The case for diet: A safe and efficacious strategy for secondary stroke prevention

Jennifer L. Dearborn, Victor C. Urrutia, Walter N. Kernan

Research output: Contribution to journalArticlepeer-review


Diet is strongly associated with risk for first stroke. In particular, observational and experimental research suggests that a Mediterranean-type diet may reduce risk for first ischemic stroke with an effect size comparable to statin therapy. These data for first ischemic stroke suggest that diet may also be associated with risk for recurrent stroke and that diet modification might represent an effective intervention for secondary prevention.

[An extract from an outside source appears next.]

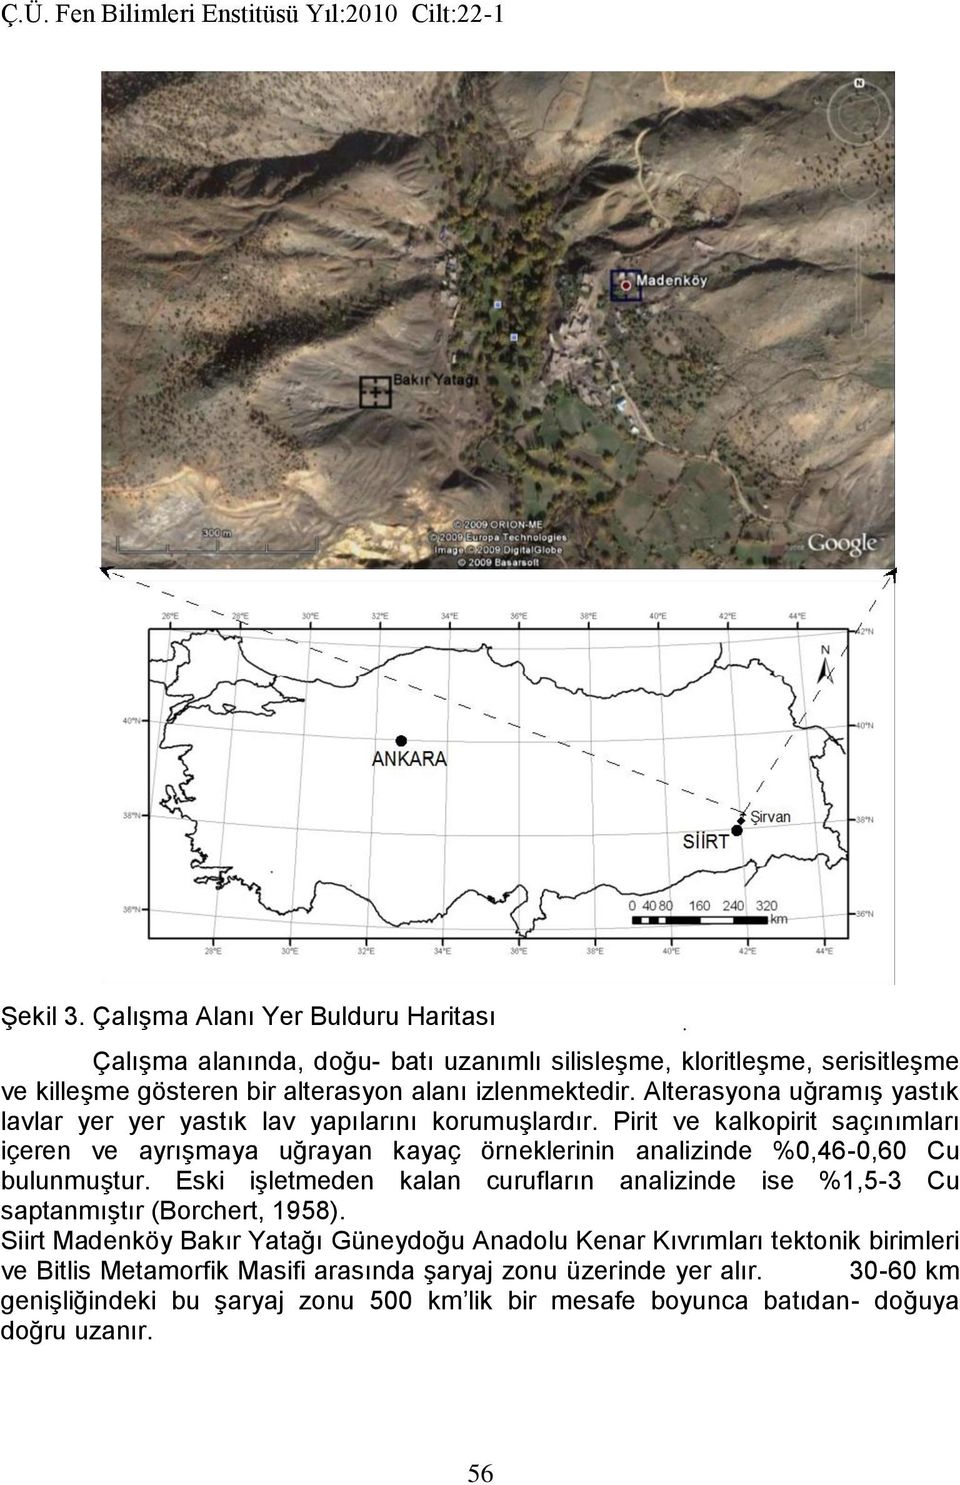 Pirit ve kalkopirit saçınımları içeren ve ayrışmaya uğrayan kayaç örneklerinin analizinde %0,46-0,60 Cu bulunmuştur.
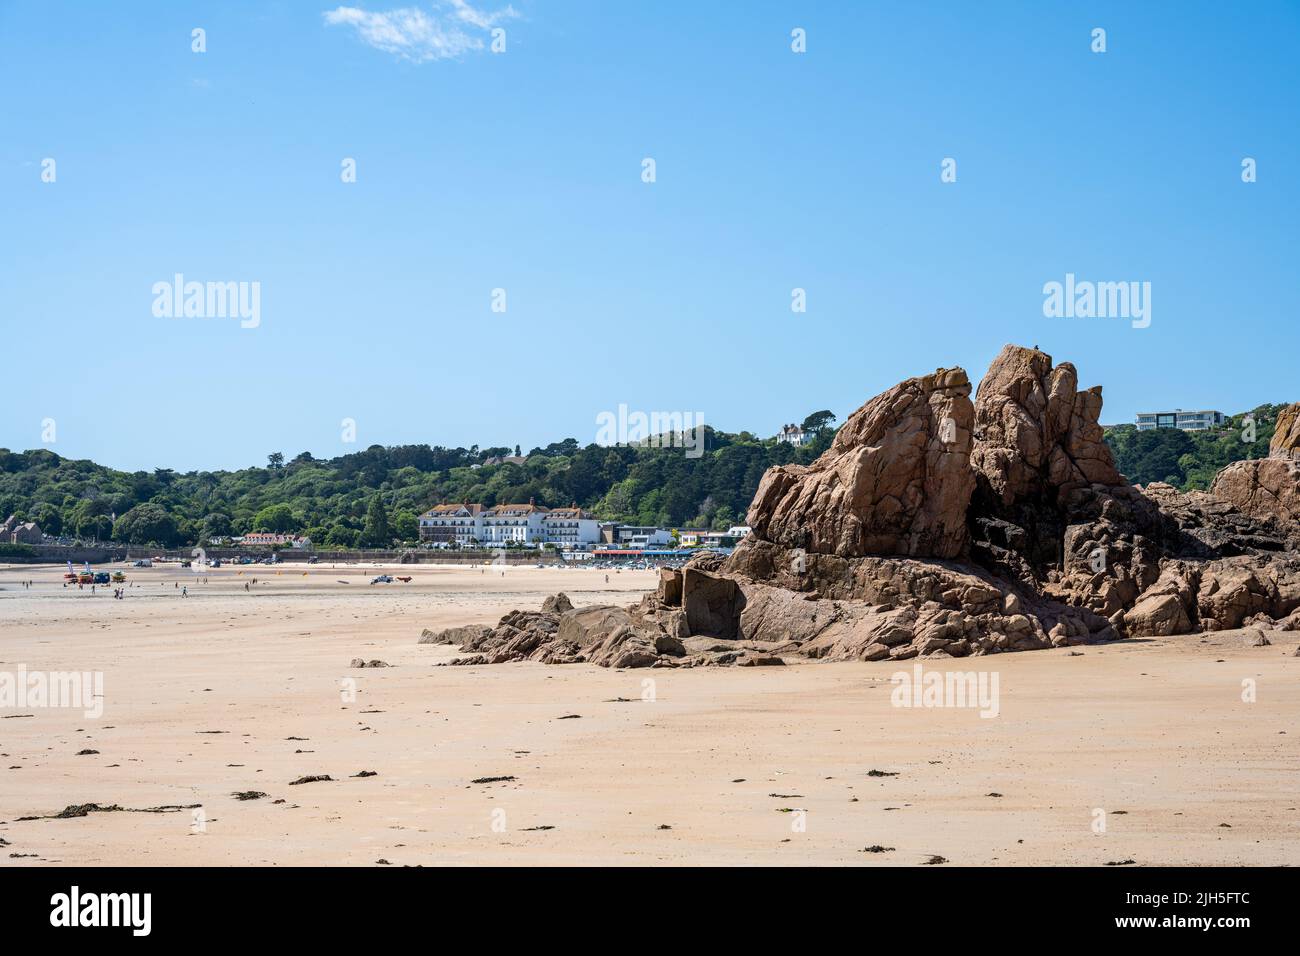 La spiaggia e la costa di St Brelade's Bay, St Brelade nel sud-ovest della dipendenza della Corona britannica di Jersey, Isole del canale, Isole britanniche. Foto Stock

However, research on dietary pattern after stroke is limited and direct experimental evidence for a therapeutic effect in secondary prevention does not exist. The uncertain state of science in this area is reflected in recent guidelines on secondary stroke prevention from the American Heart Association, in which the Mediterranean-type diet is listed with only a class IIa recommendation (level of evidence C). To change guidelines and practice, research is needed, starting with efforts to better define current nutritional practices of stroke patients. Food frequency questionnaires and mobile applications for real-time recording of intake are available for this purpose. Dietary strategies for secondary stroke prevention are low risk, high potential, and warrant further evaluation.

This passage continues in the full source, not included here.